Python’s garbage collection uses a reference counting method. The principle of reference counting can be found online. The following python allocator levels
In fact, it’s not just reference counting, but also mark-clear and generational recycling. This blog post summarizes it very well
http://hbprotoss.github.io/po...
Python GC mainly uses reference counting to track and recycle garbage.

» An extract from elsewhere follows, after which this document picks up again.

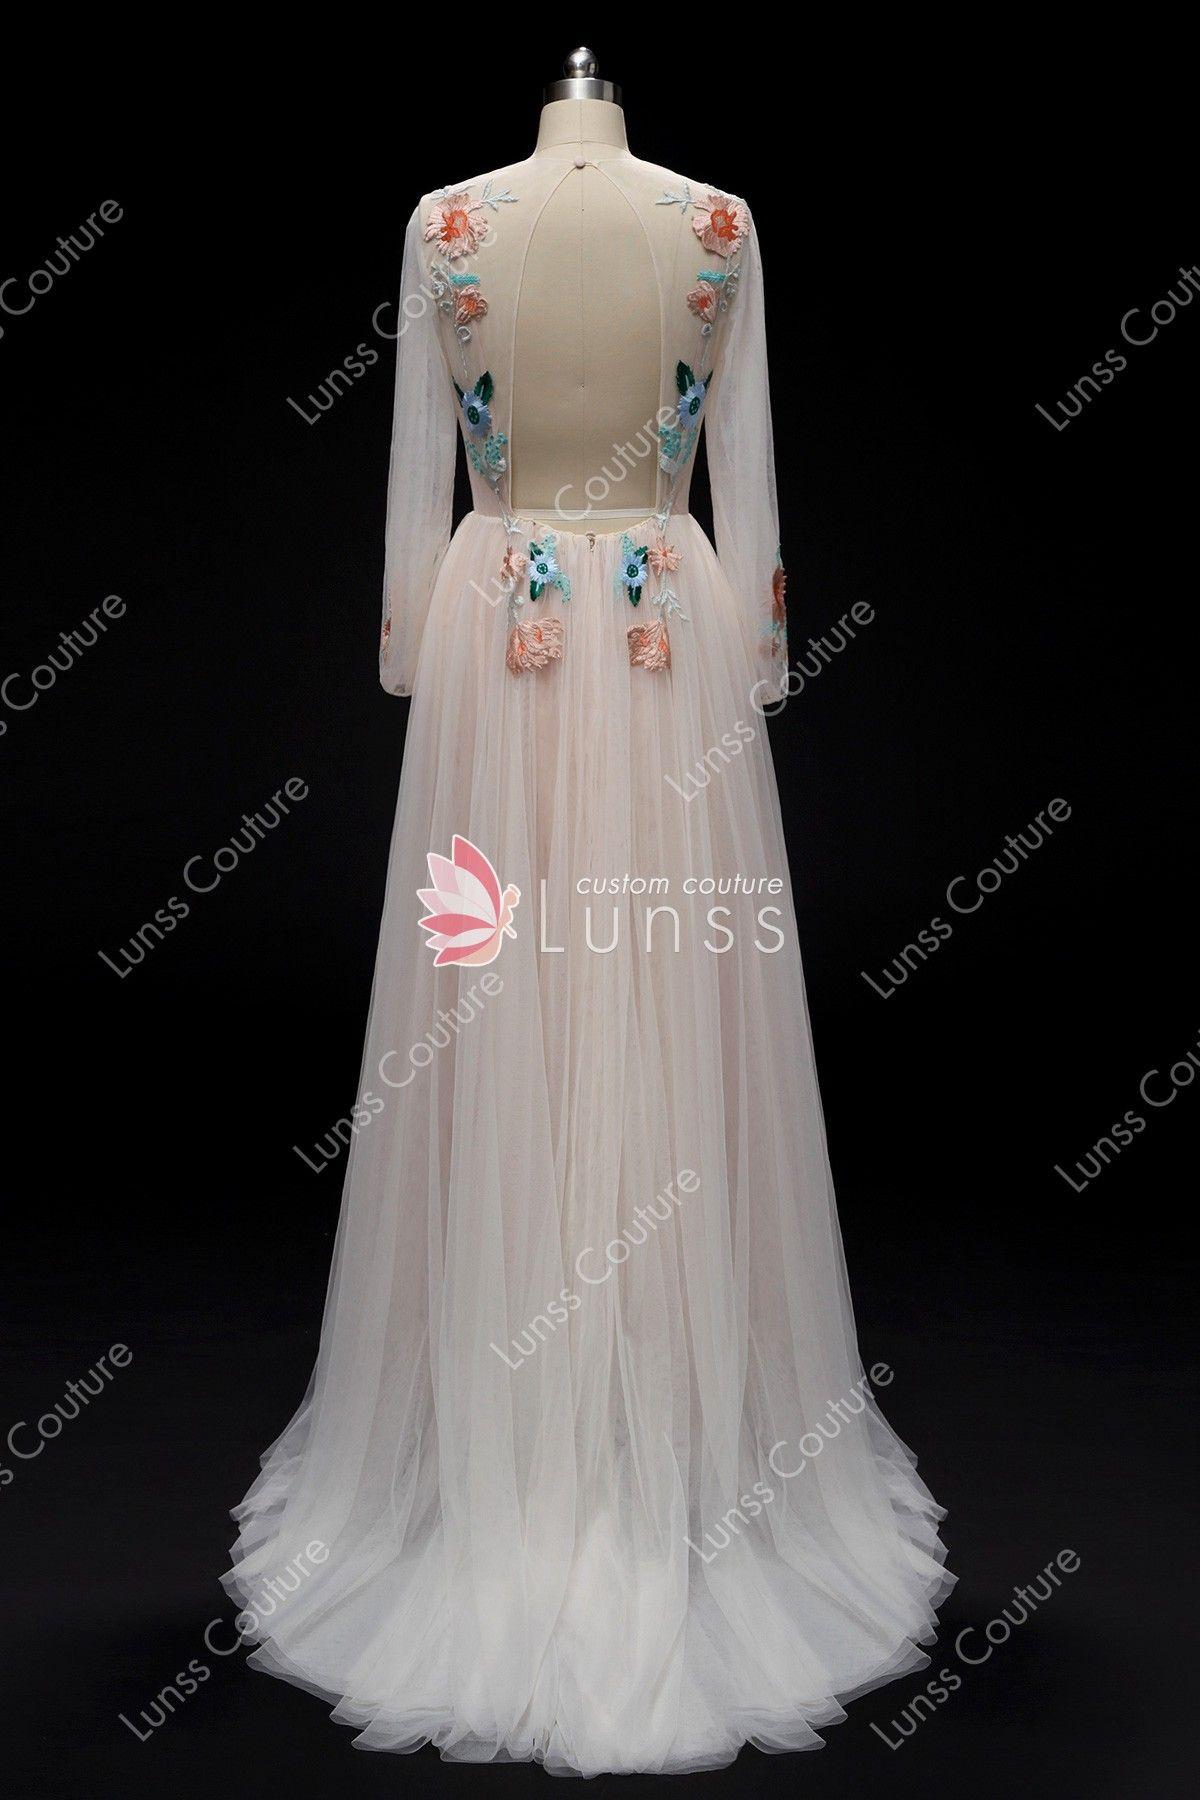 Vintage Pink Sleeved Embroidery Long Wedding Dress Long Wedding Dresses Dresses Tiered Wedding Dress [ 1800 x 1200 Pixel ]

On the basis of reference counting, "mark and sweep" is used to solve the problem of circular references that may occur in container objects, and "generational collection" is used to improve garbage collection efficiency by exchanging space for time.
1 reference count
PyObject is a must-have content for every object, and
ob_refcnt
就是做为引用计数。当一个对象有新的引用时,它的ob_refcnt
就会增加,当引用它的对象被删除,它的ob_refcnt
will be reduced. When the reference count reaches 0, the life of the object is over.Advantages:
Simple
Real time
Disadvantages:
Maintaining reference counts consumes resources
Circular Reference
2 Mark-clear mechanism
The basic idea is to allocate on demand first, and when there is no free memory, start from the registers and references on the program stack, traverse the graph composed of objects as nodes and references as edges, mark all accessible objects, and then Clean the memory space and release all unmarked objects.
3 generation technology
The overall idea of generational recycling is to divide all memory blocks in the system into different collections according to their survival time. Each collection becomes a "generation". The frequency of garbage collection increases with the survival time of the "generation". And to reduce, the survival time is usually measured by the number of garbage collections.
Python defines a three-generation object collection by default. The larger the index number, the longer the object survival time.